Message ID a5891176d7778b98ac35c756170dd334b8ee21c7.1579141989.git.matheus.bernardino@usp.br
State New
Headers show
Series
  • grep: improve threading and fix race conditions
Related show

Commit Message

Matheus Tavares Jan. 16, 2020, 2:40 a.m. UTC
When --threads is not specified, git-grep will use 8 threads by default.
This fixed number may be too many for machines with fewer cores and too
little for machines with more cores. So, instead, use the number of
logical cores available in the machine, which seems to result in the
best overall performance: The following measurements correspond to the
mean elapsed times for 30 git-grep executions in chromium's
repository[1] with a 95% confidence interval (each set of 30 were
performed after 2 warmup runs).
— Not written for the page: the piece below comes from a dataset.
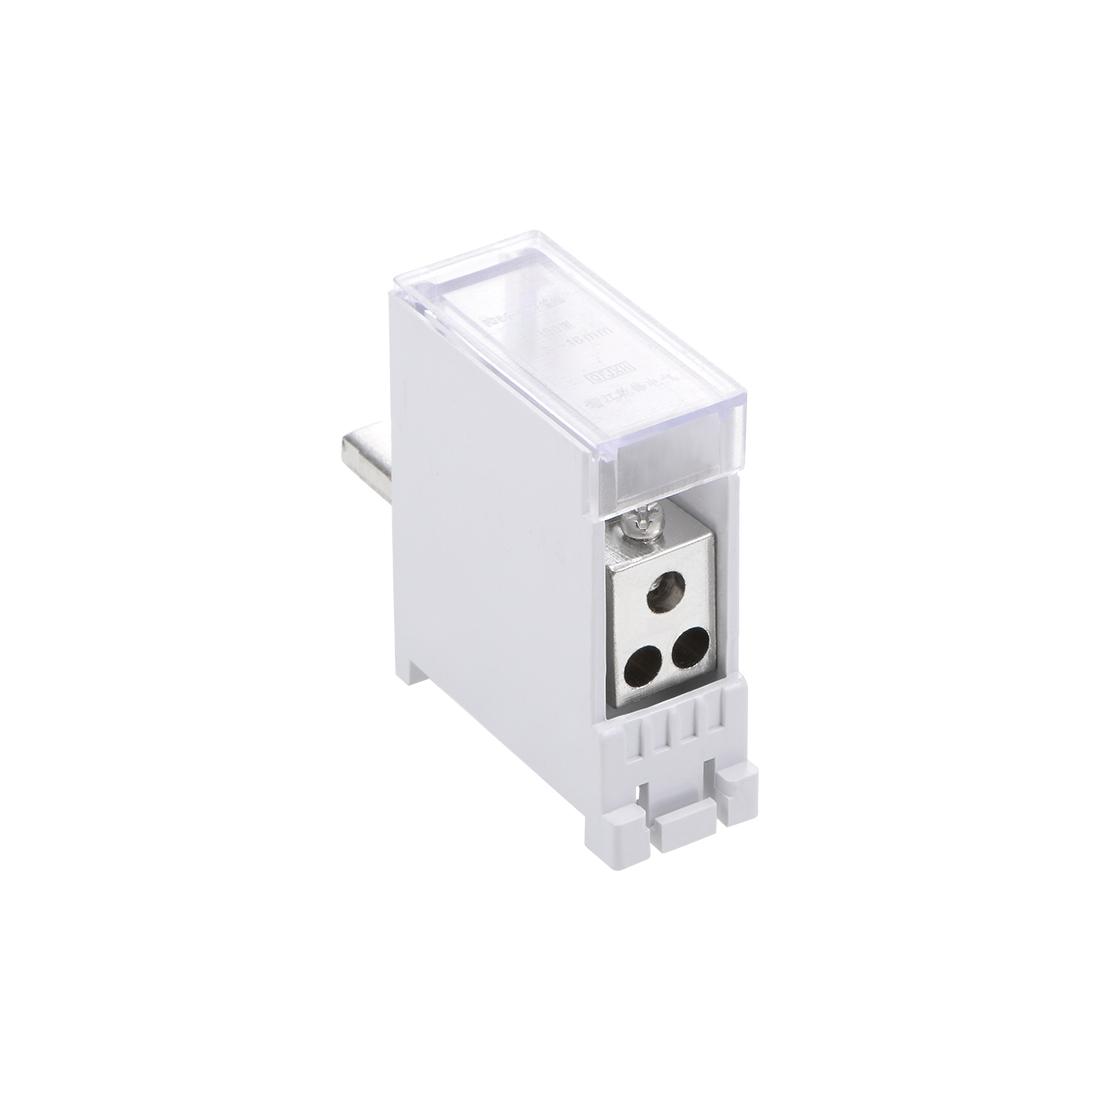 1 Inlet 3 Outlet Terminal Blocks DIN Rail Distribution Block for Circuit Breaker

Regex 1 is 'abcd[02]' and Regex 2 is
'(static|extern) (int|double) \*'.

      |          Working tree         |           Object Store
------|-------------------------------|--------------------------------
 #ths |  Regex 1      |  Regex 2      |   Regex 1      |   Regex 2
------|---------------|---------------|----------------|---------------
  32  |  2.92s ± 0.01 |  3.72s ± 0.21 |   5.36s ± 0.01 |   6.07s ± 0.01
  16  |  2.84s ± 0.01 |  3.57s ± 0.21 |   5.05s ± 0.01 |   5.71s ± 0.01
>  8  |  2.53s ± 0.00 |  3.24s ± 0.21 |   4.86s ± 0.01 |   5.48s ± 0.01
   4  |  2.43s ± 0.02 |  3.22s ± 0.20 |   5.22s ± 0.02 |   6.03s ± 0.02
   2  |  3.06s ± 0.20 |  4.52s ± 0.01 |   7.52s ± 0.01 |   9.06s ± 0.01
   1  |  6.16s ± 0.01 |  9.25s ± 0.02 |  14.10s ± 0.01 |  17.22s ± 0.01

The above tests were performed in a desktop running Debian 10.0 with
Intel(R) Xeon(R) CPU E3-1230 V2 (4 cores w/ hyper-threading), 32GB of
RAM and a 7200 rpm, SATA 3.1 HDD.

Bellow, the tests were repeated for a machine with SSD: a Manjaro laptop
with Intel(R) i7-7700HQ (4 cores w/ hyper-threading) and 16GB of RAM:

      |          Working tree          |           Object Store
------|--------------------------------|--------------------------------
 #ths |  Regex 1      |  Regex 2       |   Regex 1      |   Regex 2
------|---------------|----------------|----------------|---------------
  32  |  3.29s ± 0.21 |   4.30s ± 0.01 |   6.30s ± 0.01 |   7.30s ± 0.02
  16  |  3.19s ± 0.20 |   4.14s ± 0.02 |   5.91s ± 0.01 |   6.83s ± 0.01
>  8  |  2.90s ± 0.04 |   3.82s ± 0.20 |   5.70s ± 0.02 |   6.53s ± 0.01
   4  |  2.84s ± 0.02 |   3.77s ± 0.20 |   6.19s ± 0.02 |   7.18s ± 0.02
   2  |  3.73s ± 0.21 |   5.57s ± 0.02 |   9.28s ± 0.01 |  11.22s ± 0.01
   1  |  7.48s ± 0.02 |  11.36s ± 0.03 |  17.75s ± 0.01 |  21.87s ± 0.08

[1]: chromium’s repo at commit 03ae96f (“Add filters testing at DSF=2”,
     04-06-2019), after a 'git gc' execution.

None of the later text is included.